*** Information Section Begins ***

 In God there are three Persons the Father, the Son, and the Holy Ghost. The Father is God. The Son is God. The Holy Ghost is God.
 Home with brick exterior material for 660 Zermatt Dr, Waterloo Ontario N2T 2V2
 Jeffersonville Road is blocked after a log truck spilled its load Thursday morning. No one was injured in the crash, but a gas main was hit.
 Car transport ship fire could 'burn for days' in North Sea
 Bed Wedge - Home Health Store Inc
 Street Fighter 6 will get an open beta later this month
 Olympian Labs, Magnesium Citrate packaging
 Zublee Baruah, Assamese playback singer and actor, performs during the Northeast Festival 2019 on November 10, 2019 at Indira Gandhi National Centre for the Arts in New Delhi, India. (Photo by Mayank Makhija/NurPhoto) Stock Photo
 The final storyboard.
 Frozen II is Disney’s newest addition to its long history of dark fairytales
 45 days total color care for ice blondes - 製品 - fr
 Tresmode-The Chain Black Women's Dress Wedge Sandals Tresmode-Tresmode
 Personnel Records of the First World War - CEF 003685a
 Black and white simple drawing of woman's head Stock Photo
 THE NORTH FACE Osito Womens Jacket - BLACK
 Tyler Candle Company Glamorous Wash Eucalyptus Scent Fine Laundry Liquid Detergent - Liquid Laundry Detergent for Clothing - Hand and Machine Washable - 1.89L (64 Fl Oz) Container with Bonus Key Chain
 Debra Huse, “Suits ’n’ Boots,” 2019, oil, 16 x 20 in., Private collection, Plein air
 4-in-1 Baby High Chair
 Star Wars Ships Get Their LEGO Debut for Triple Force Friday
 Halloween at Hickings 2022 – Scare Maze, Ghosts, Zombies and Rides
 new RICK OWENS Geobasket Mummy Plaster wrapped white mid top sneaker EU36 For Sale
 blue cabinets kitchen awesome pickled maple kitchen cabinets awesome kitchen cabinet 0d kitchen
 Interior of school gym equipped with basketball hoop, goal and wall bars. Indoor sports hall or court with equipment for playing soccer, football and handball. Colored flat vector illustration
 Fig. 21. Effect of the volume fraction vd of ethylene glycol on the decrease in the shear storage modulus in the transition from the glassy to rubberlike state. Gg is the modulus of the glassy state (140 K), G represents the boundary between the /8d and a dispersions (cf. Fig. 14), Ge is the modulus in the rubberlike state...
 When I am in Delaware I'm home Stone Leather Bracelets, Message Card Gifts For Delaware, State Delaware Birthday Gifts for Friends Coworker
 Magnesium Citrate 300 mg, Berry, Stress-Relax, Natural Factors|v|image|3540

*** Information Section Ends ***

- **The task**:
When a line of the records includes "Magnesium", that line belongs in the answer.

- **Expected output**:
 Olympian Labs, Magnesium Citrate packaging
 Magnesium Citrate 300 mg, Berry, Stress-Relax, Natural Factors|v|image|3540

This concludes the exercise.